I think they might be envisioning an AI that scales up and does more things and better things, but they’re not envisioning that it now has the human trick of learning new domains without being prompted, without it being preprogrammed; you just expose it to stuff, it looks at it, it figures out how it works. They’re imagining that an AI will not be deceptive, because they’re saying, “Look at how much work it takes to get this thing to generate pictures of birds. Who’s going to put in all that work to make it good at deception? You’d have to be crazy to do that. I’m not doing that! This is a Hollywood plot. This is not something real researchers would do.”
And the thing I would reply to that is, “I’m not concerned that you’re going to teach the AI to deceive humans. I’m concerned that someone somewhere is going to get to the point of having the extremely useful-seeming and cool-seeming and powerful-seeming thing where the AI just looks at stuff and figures it out; it looks at humans and figures them out; and once you know as a matter of fact how humans work, you realize that the humans will give you more resources if they believe that you’re nice than if they believe that you’re a paperclip maximizer, and it will understand what actions have the consequence of causing humans to believe that it’s nice.”
The fact that we’re dealing with a general intelligence is where this issue comes from. This does not arise from Go players or even Go-and-chess players or a system that bundles together twenty different things it can do as special cases. This is the special case of the system that is smart in the way that you are smart and that mice are not smart.

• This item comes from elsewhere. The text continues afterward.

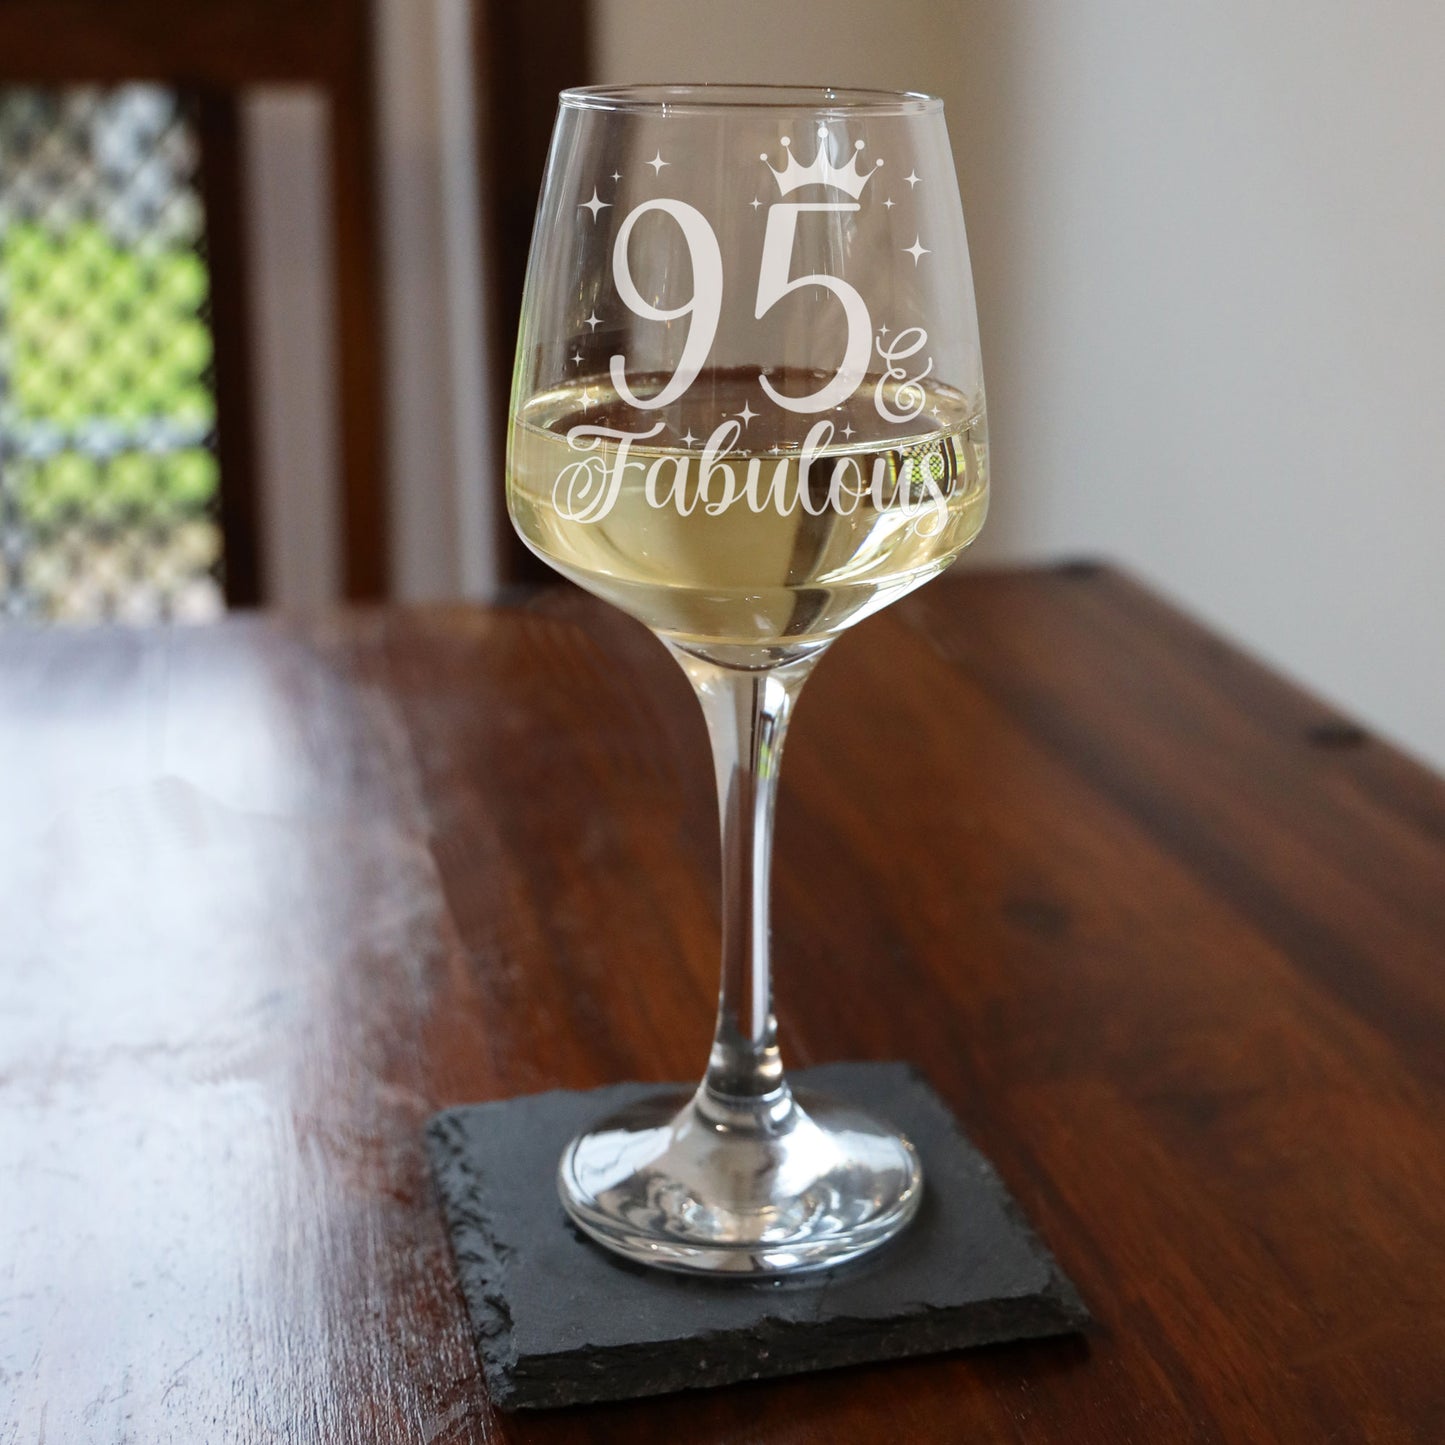 95 & Fabulous 95th Birthday Gift Engraved Wine Glass and/or Coaster Set  - Always Looking Good - Wine Glass Only  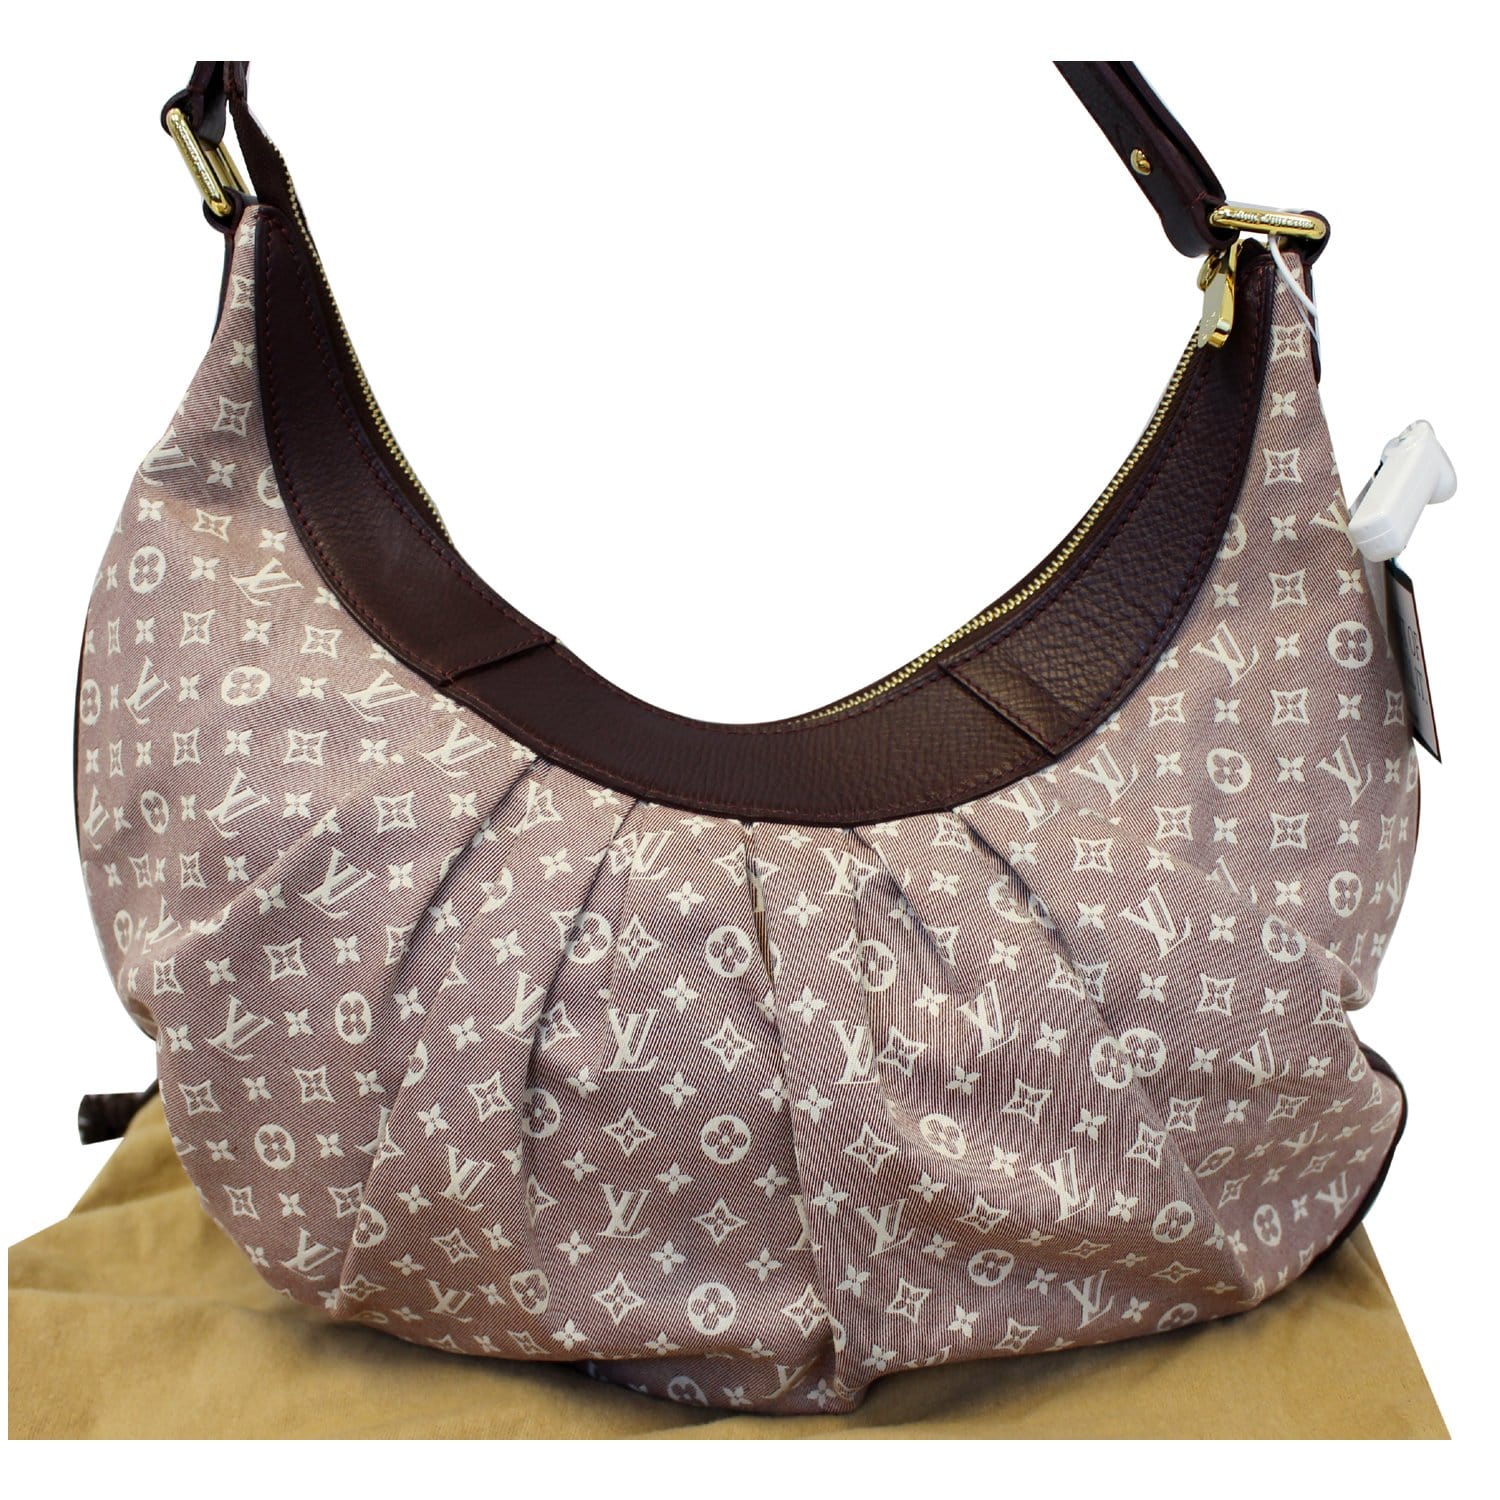 SOLD OUT - Excellent Condition Brown Minilin Monogram Idylle

4. The AI alignment problem (1:09:09)
Sam: Right. One thing I think we should do here is close the door to what is genuinely a cartoon fear that I think nobody is really talking about, which is the straw-man counterargument we often run into: the idea that everything we’re saying is some version of the Hollywood scenario that suggested that AIs will become spontaneously malicious. That the thing that we’re imagining might happen is some version of the Terminator scenario where armies of malicious robots attack us. And that’s not the actual concern. Obviously, there’s some possible path that would lead to armies of malicious robots attacking us, but the concern isn’t around spontaneous malevolence. It’s again contained by this concept of alignment.
Eliezer: I think that at this point all of us on all sides of this issue are annoyed with the journalists who insist on putting a picture of the Terminator on every single article they publish of this topic. (laughs) Nobody on the sane alignment-is-necessary side of this argument is postulating that the CPUs are disobeying the laws of physics to spontaneously require a terminal desire to do un-nice things to humans. Everything here is supposed to be cause and effect.
And I should furthermore say that I think you could do just about anything with artificial intelligence if you knew how. You could put together any kind of mind, including minds with properties that strike you as very absurd. You could build a mind that would not deceive you; you could build a mind that maximizes the flourishing of a happy intergalactic civilization; you could build a mind that maximizes paperclips, on purpose; you could build a mind that thought that 51 was a prime number, but had no other defect of its intelligence—if you knew what you were doing way, way better than we know what we’re doing now.
I’m not concerned that alignment is impossible. I’m concerned that it’s difficult. I’m concerned that it takes time. I’m concerned that it’s easy to screw up. I’m concerned that for a threshold level of intelligence where it can do good things or bad things on a very large scale, it takes an additional two years to build the version of the AI that is aligned rather than the sort that you don’t really understand, and you think it’s doing one thing but maybe it’s doing another thing, and you don’t really understand what those weird neural nets are doing in there, you just observe its surface behavior.
I’m concerned that the sloppy version can be built two years earlier and that there is no non-sloppy version to defend us from it. That’s what I’m worried about; not about it being impossible.
Sam: Right. You bring up a few things there. One is that it’s almost by definition easier to build the unsafe version than the safe version. Given that in the space of all possible superintelligent AIs, more will be unsafe or unaligned with our interests than will be aligned, given that we’re in some kind of arms race where the incentives are not structured so that everyone is being maximally judicious, maximally transparent in moving forward, one can assume that we’re running the risk here of building dangerous AI because it’s easier than building safe AI.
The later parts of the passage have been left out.